### WHAT IS REQUIRED
In the listing below, locate the lines bearing the word "Vintage". Copy every one of them.
========================
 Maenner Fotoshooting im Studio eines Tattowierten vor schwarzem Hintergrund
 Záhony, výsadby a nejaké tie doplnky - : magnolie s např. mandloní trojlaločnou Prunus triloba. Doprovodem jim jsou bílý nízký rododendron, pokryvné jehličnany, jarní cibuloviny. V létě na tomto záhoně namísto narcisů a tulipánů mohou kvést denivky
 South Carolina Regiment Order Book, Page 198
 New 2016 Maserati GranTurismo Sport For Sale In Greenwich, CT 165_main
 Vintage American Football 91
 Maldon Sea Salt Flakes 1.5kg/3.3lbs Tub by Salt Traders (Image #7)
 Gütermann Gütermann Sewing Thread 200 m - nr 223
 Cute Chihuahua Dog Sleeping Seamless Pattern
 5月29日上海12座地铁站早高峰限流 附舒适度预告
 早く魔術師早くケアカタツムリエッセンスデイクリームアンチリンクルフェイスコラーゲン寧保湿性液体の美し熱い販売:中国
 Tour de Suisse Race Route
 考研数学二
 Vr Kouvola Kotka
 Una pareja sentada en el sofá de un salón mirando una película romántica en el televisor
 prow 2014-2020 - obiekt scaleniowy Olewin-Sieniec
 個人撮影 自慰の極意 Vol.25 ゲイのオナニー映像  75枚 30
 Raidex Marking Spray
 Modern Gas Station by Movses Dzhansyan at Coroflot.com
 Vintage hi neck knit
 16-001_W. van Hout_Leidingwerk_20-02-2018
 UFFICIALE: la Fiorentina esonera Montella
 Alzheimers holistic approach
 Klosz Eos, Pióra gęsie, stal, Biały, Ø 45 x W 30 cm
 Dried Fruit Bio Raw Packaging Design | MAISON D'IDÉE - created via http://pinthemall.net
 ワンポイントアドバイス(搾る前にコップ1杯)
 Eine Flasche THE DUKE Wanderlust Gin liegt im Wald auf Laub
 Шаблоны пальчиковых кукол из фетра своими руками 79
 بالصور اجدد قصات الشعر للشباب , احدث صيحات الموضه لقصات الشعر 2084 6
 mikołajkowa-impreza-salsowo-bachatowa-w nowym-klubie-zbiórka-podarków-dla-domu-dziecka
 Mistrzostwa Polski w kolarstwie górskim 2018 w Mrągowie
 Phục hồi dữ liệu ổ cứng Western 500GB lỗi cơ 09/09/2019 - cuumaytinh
========================
### EXERCISE RESULT
 Vintage American Football 91
 Vintage hi neck knit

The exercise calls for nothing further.